DATA BELOW:

○ ○ ○ ○ ○ ○ ○

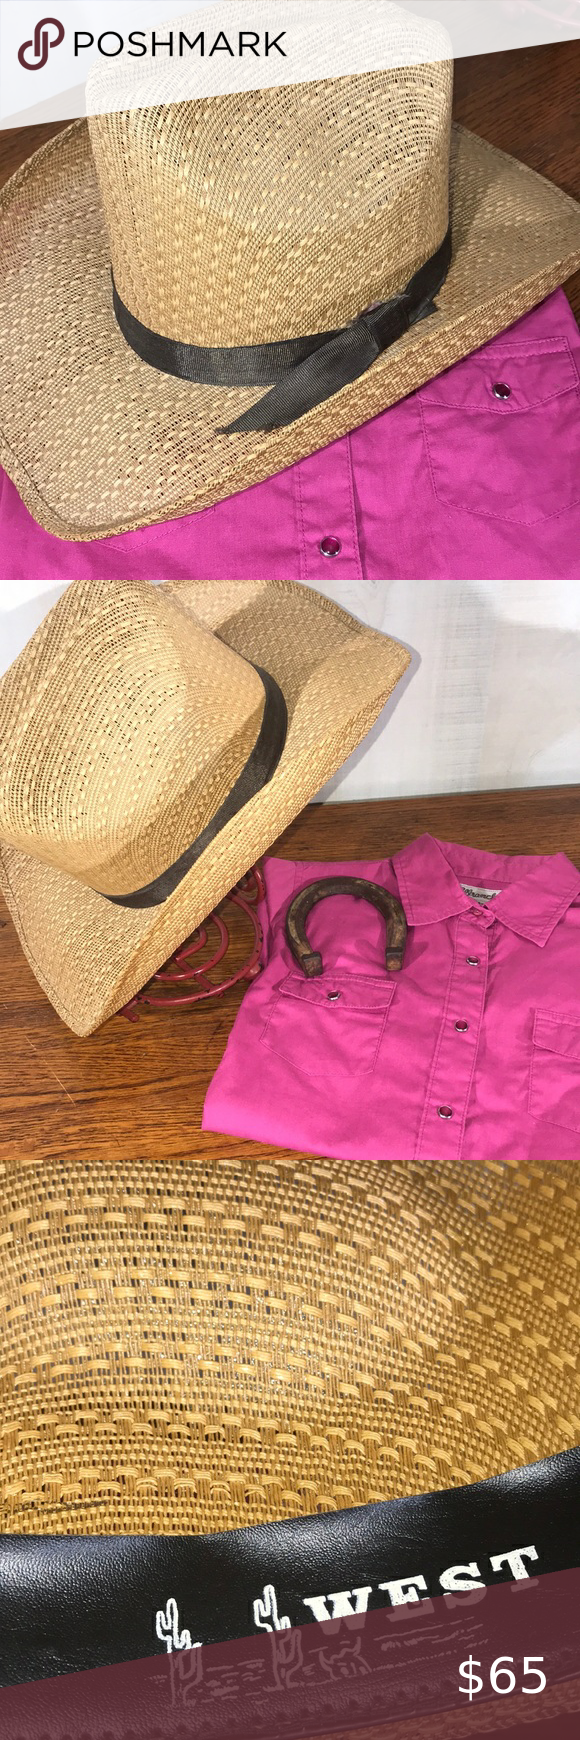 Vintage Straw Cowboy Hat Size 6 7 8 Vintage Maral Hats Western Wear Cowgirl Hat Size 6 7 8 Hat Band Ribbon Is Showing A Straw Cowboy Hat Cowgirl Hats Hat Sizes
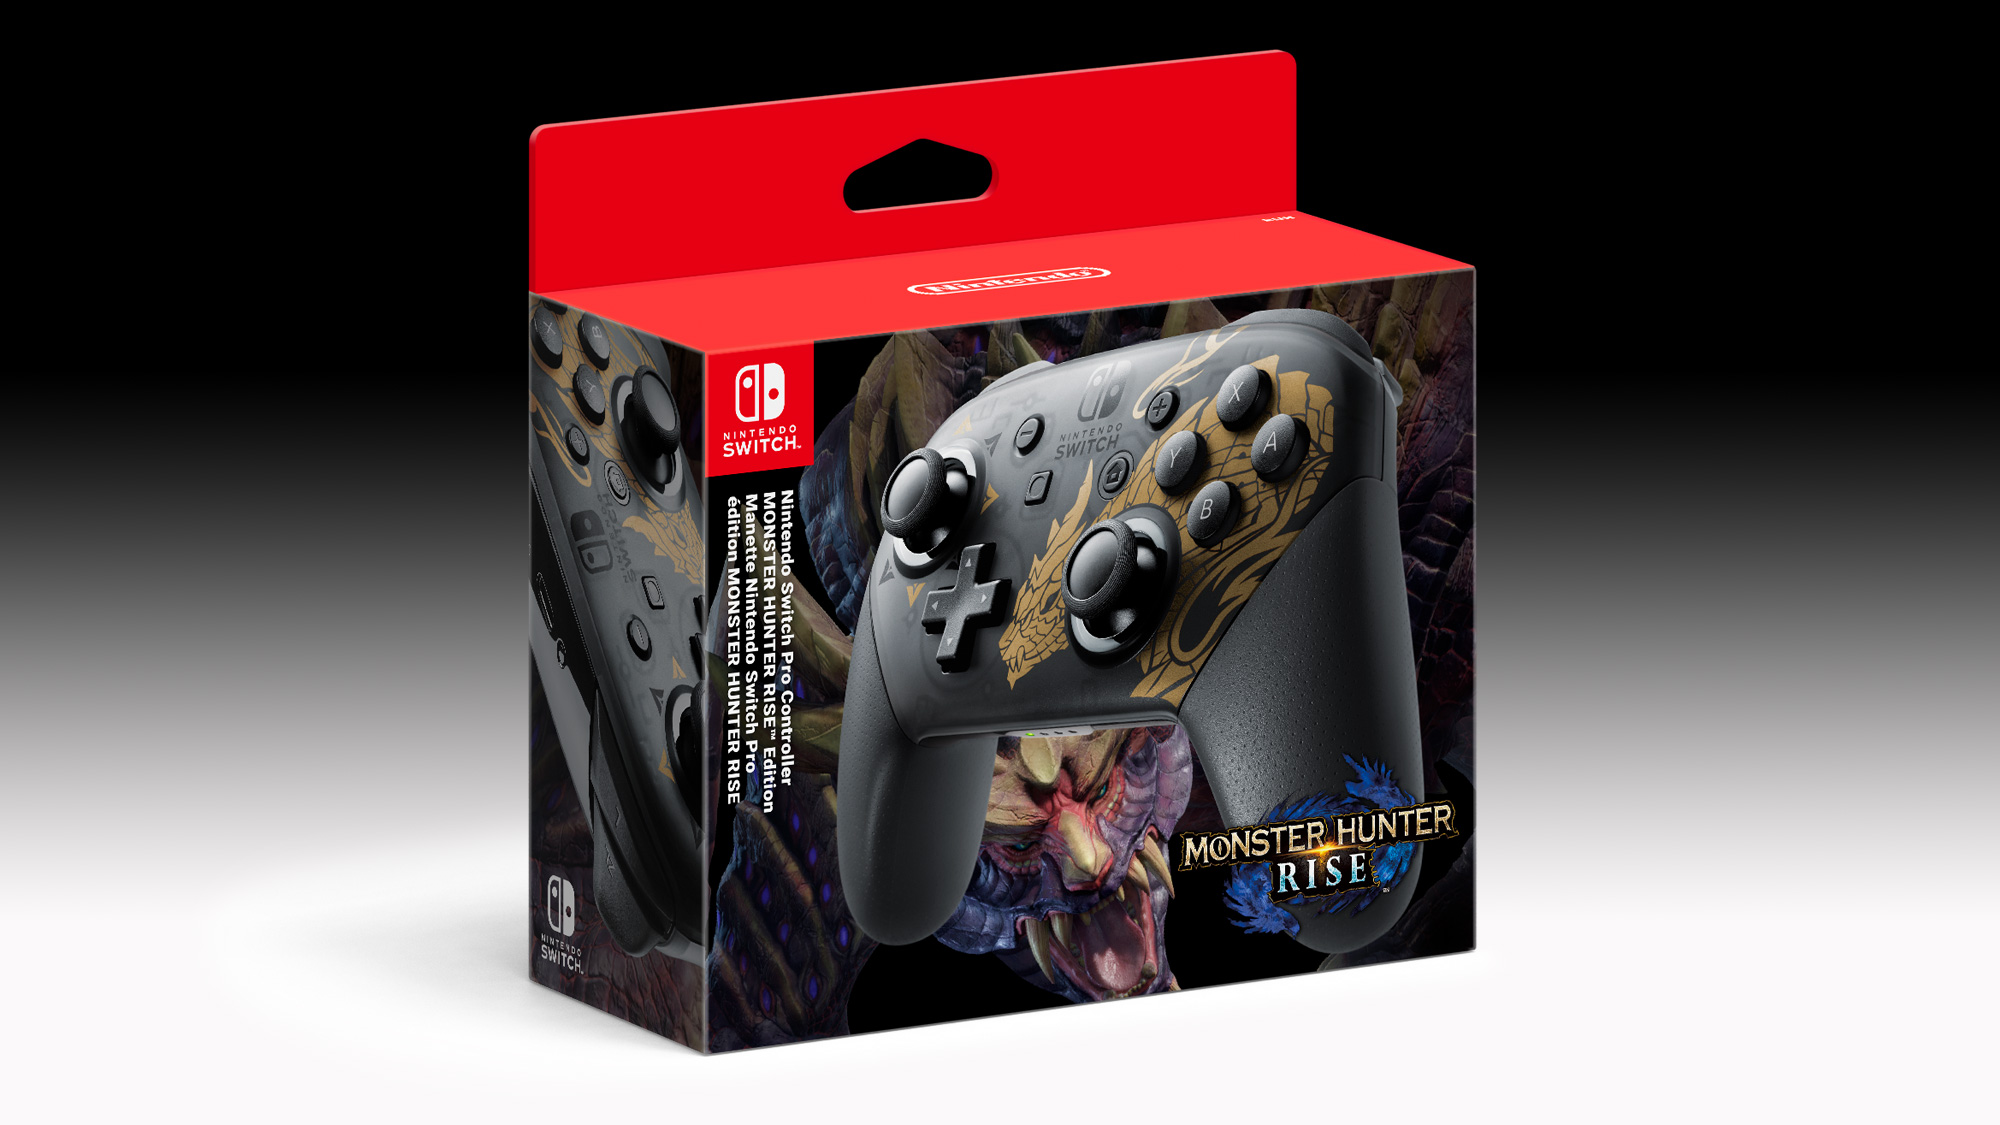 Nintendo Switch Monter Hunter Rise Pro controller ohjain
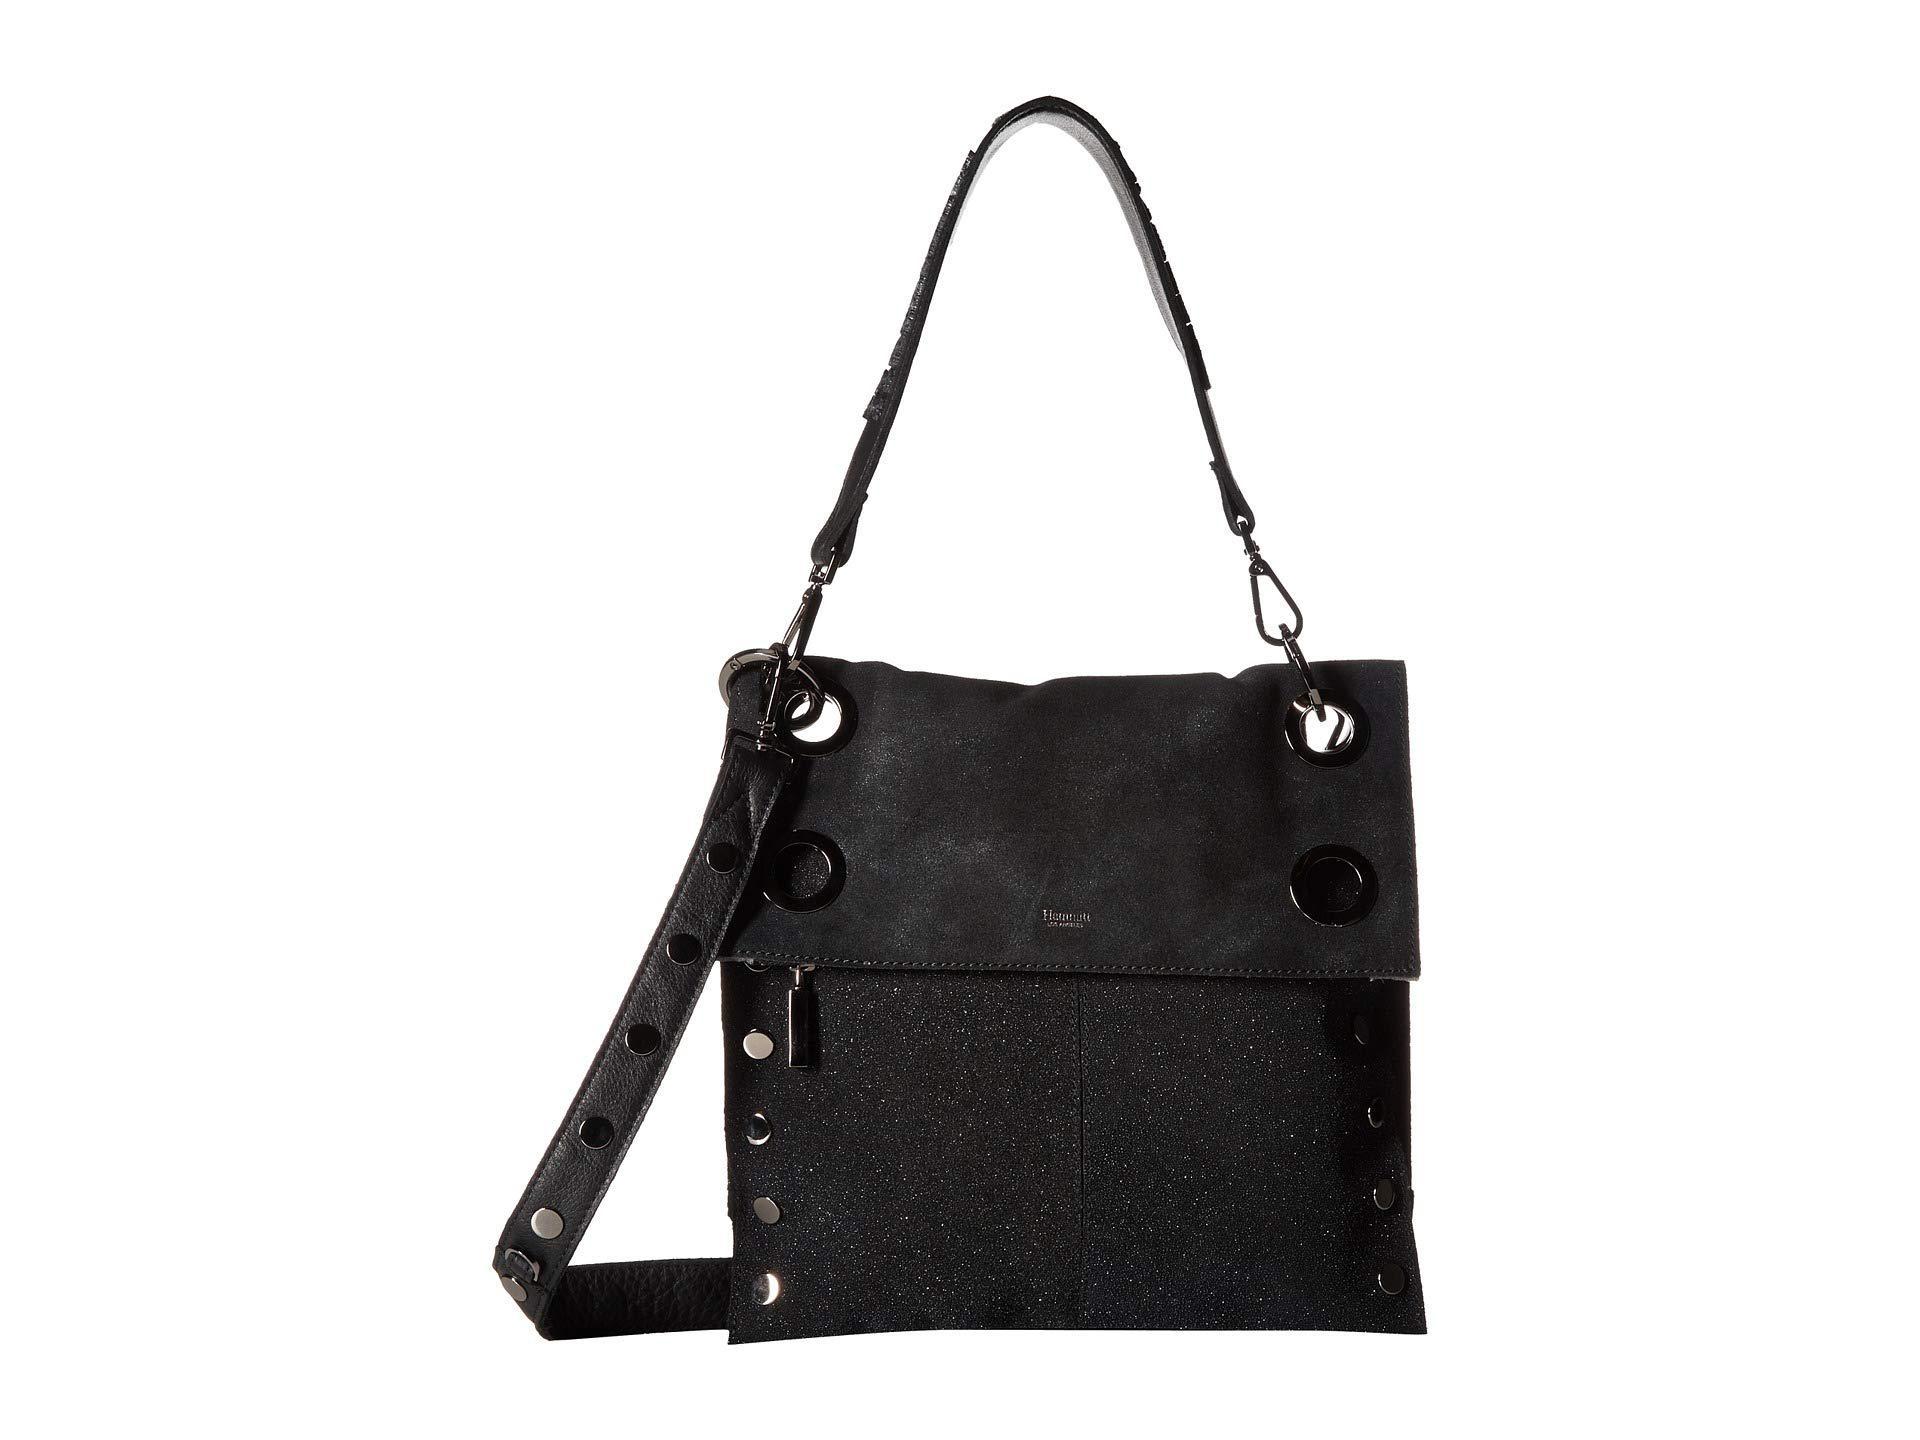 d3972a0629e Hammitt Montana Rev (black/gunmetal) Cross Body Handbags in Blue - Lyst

○ ○ ○ ○ ○ ○ ○

EXERCISE: Output the listing exactly, pictures excluded.

SOLVED PROBLEM:
 Vintage Straw Cowboy Hat Size 6 7 8 Vintage Maral Hats Western Wear Cowgirl Hat Size 6 7 8 Hat Band Ribbon Is Showing A Straw Cowboy Hat Cowgirl Hats Hat Sizes
 Nintendo Switch Monter Hunter Rise Pro controller ohjain
 d3972a0629e Hammitt Montana Rev (black/gunmetal) Cross Body Handbags in Blue - Lyst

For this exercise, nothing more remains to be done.